Third, Dr. Liu asserts that his claim for attorney's fees is sufficient to save the case from mootness. The law is otherwise. The "mere fact that continued adjudication would provide a remedy for an injury that is only the byproduct of the suit itself does not mean that an injury is cognizable under Art. III." Diamond v. Charles, 476 U.S. 54, 70-71 (1986). Contrast Washington Hosp. Ctr. Nat'l Rehabilitation Hosp. v. Collier, 947 F.2d 1498, 1502 (D.C. Cir. 1991) (holding that a claim for attorney's fees was sufficient to save the breach of contract case from mootness because attorney's fees were an element of the damages claim, not a mere byproduct of the suit). Hence, an interest in attorney's fees "is, of course, insufficient to create an Article III case or controversy where none exists on the merits of the underlying claim." Lewis v. Cont'l Bank Corp., 494 U.S. 472, 480 (1990).

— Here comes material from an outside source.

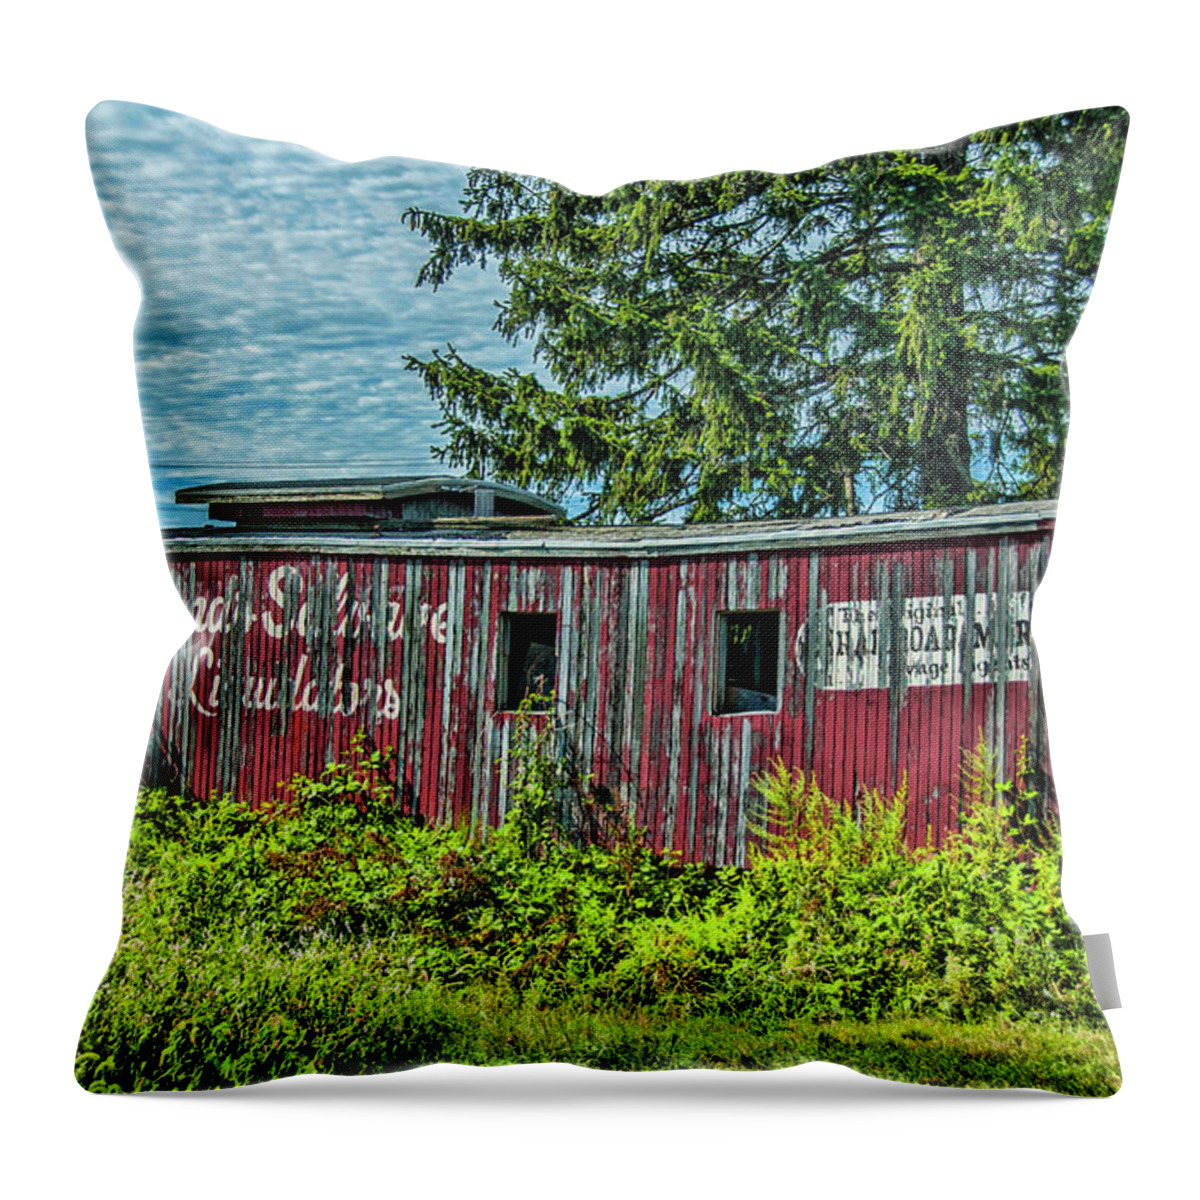 Caboose Throw Pillow featuring the photograph Old Red Caboose by Cathy Kovarik
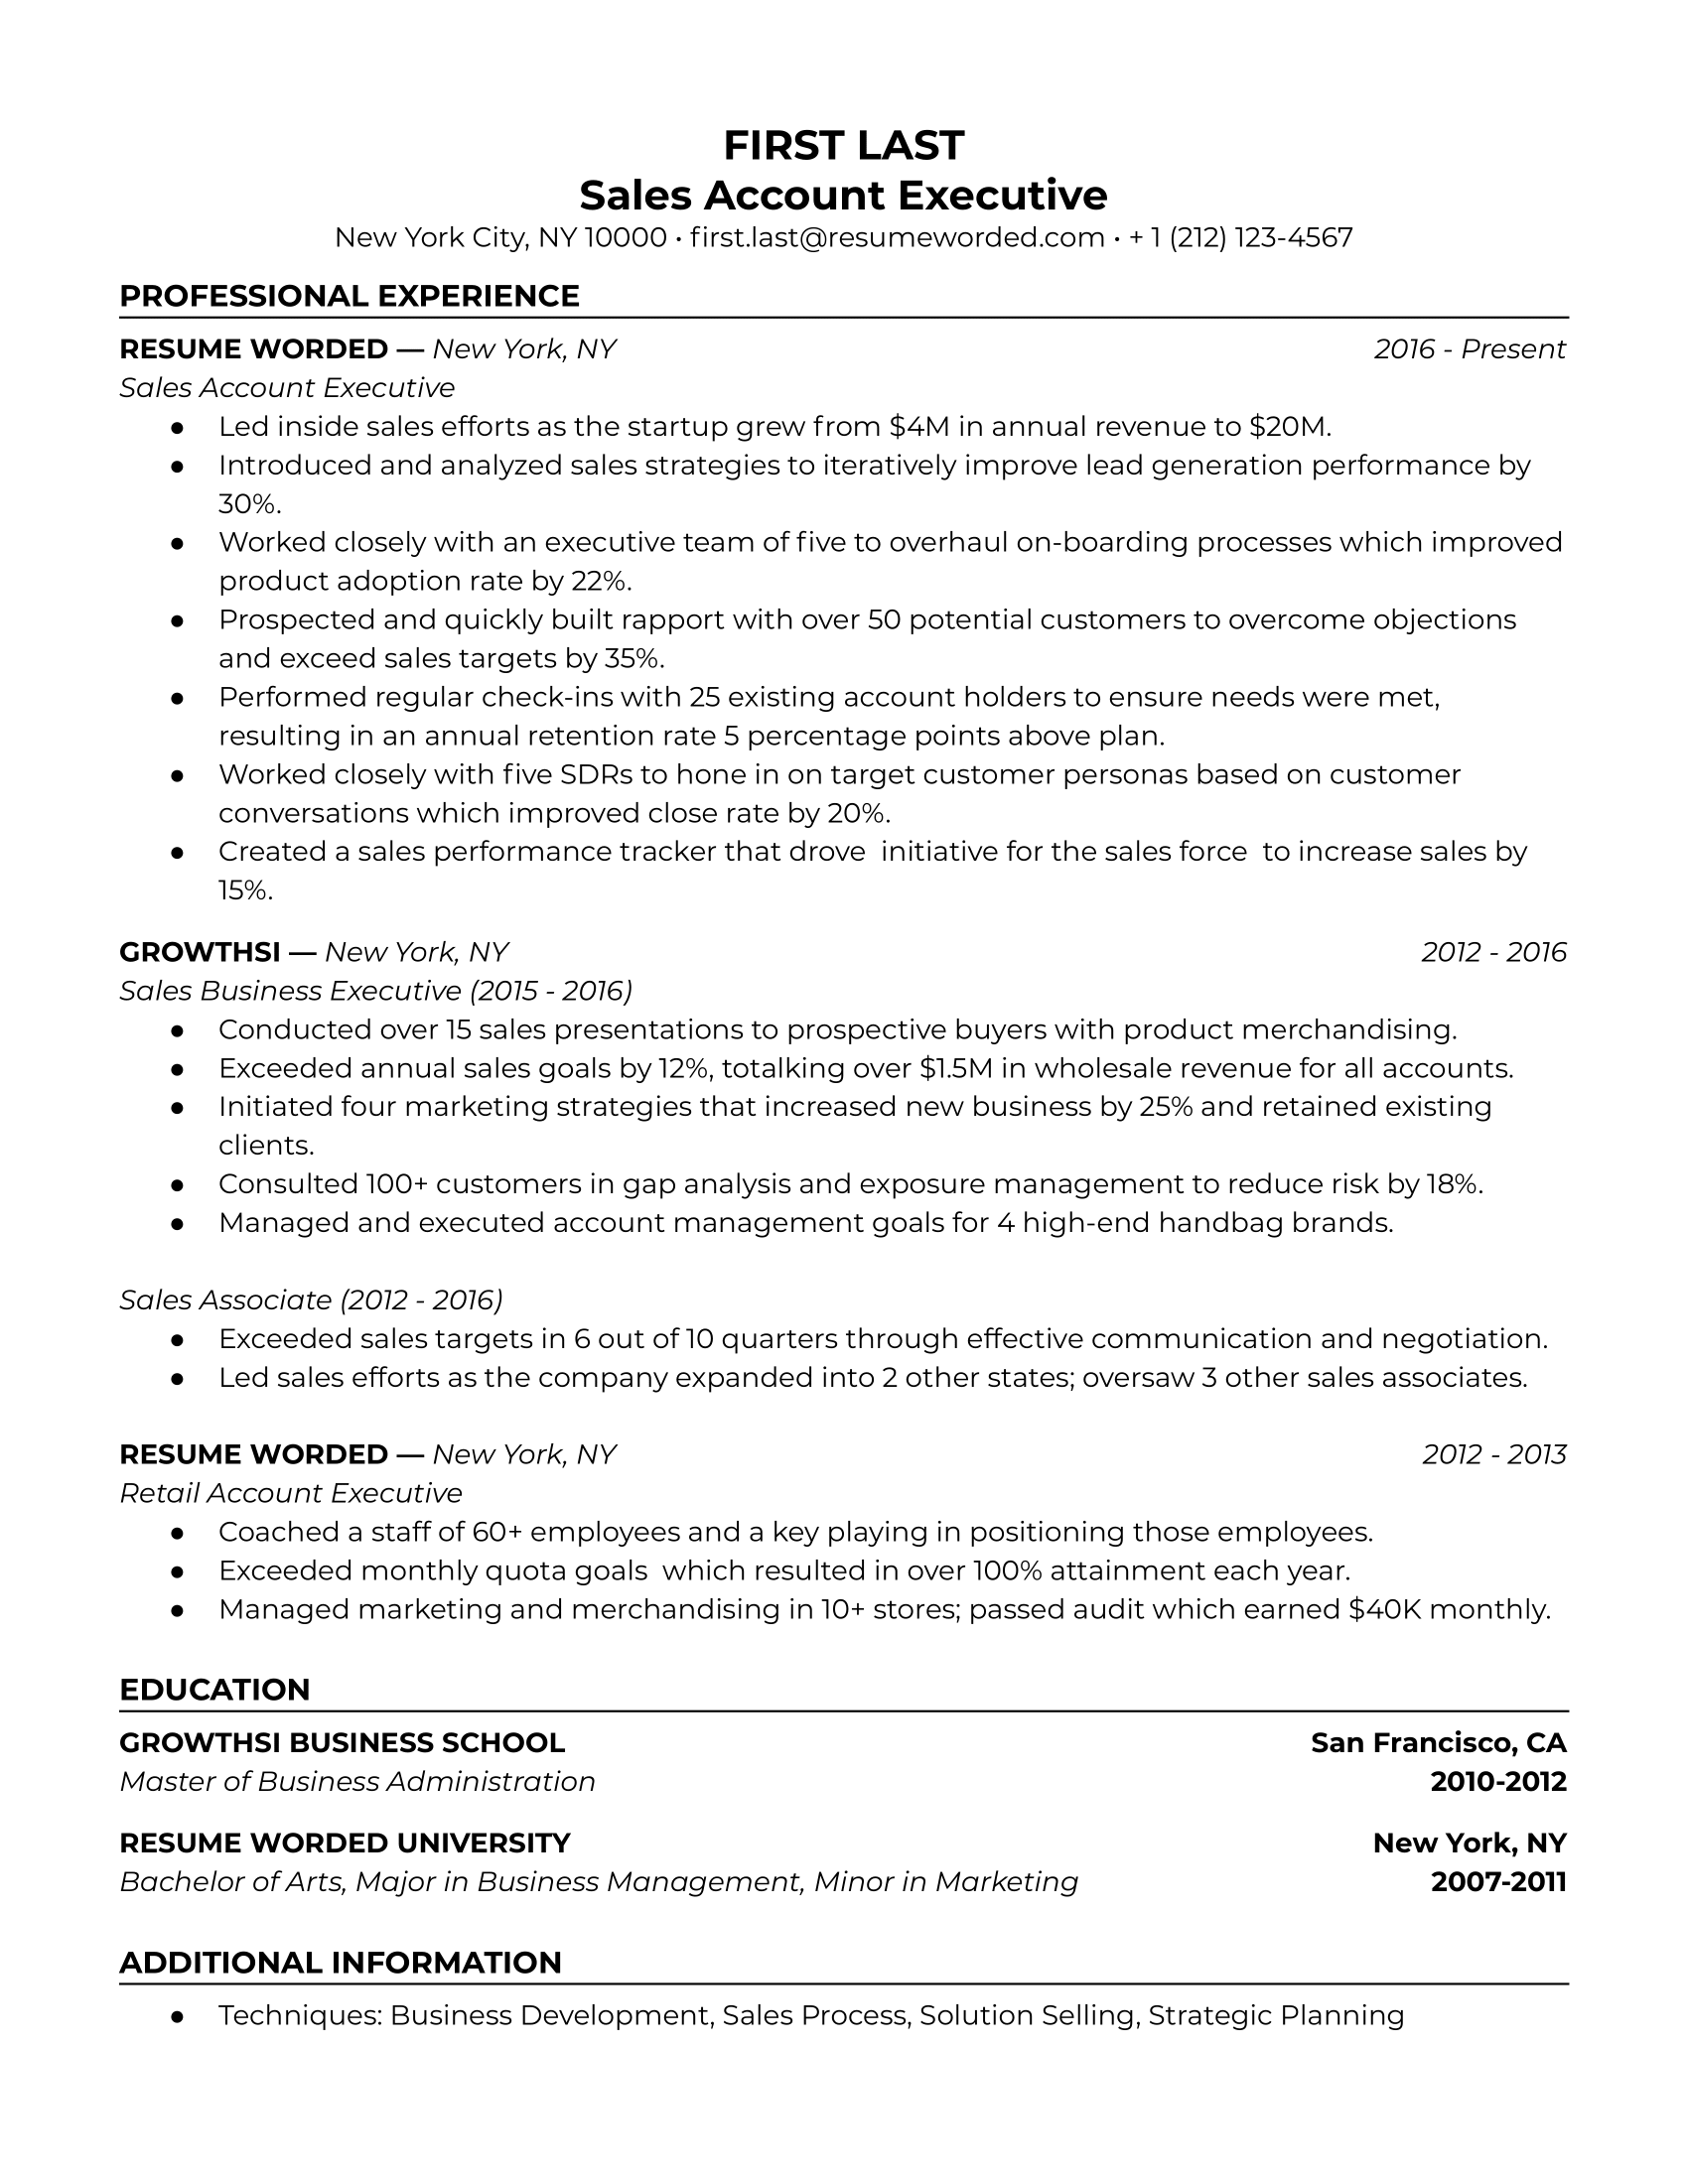 A Sales Account Executive resume showcasing experience in identifying business opportunities, developing relationships with clients, and meeting sales targets

Fourth and last, Dr. Liu contends that because he will have to continue to deal with the INS as his green card application is processed, his claim is "capable of repetition yet evading review" and therefore is not moot. See S. Pac. Terminal Co. v. ICC, 219 U.S. 498, 515 (1911). This argument also fails. "By 'capable of repetition' the Supreme Court now means a 'reasonable expectation that the same complaining party would be subjected to the same action again.' " Christian Knights of the Ku Klux Klan Invisible Empire, Inc. v. District of Columbia, 972 F.2d 365, 370 (D.C. Cir. 1992) (quoting Weinstein v. Bradford, 423 U.S. 147, 149 (1975) (per curiam)). Since he has been granted EB-1 status, it is extremely unlikely that Dr. Liu would be subjected to the same challenged action (i.e., a denial of a national interest waiver) in the future.
In short, Dr. Liu would not be any better off if he had been granted a national interest waiver and EB-2 status rather than EB-1 immigrant status. A live controversy has ceased to exist. We therefore affirm the judgment of the district court dismissing for lack of jurisdiction. In doing so, we affirm on the ground that the complaint is moot and do not reach the issue whether review is precluded by 8 U.S.C. § 1252(a)(2)(B)(ii).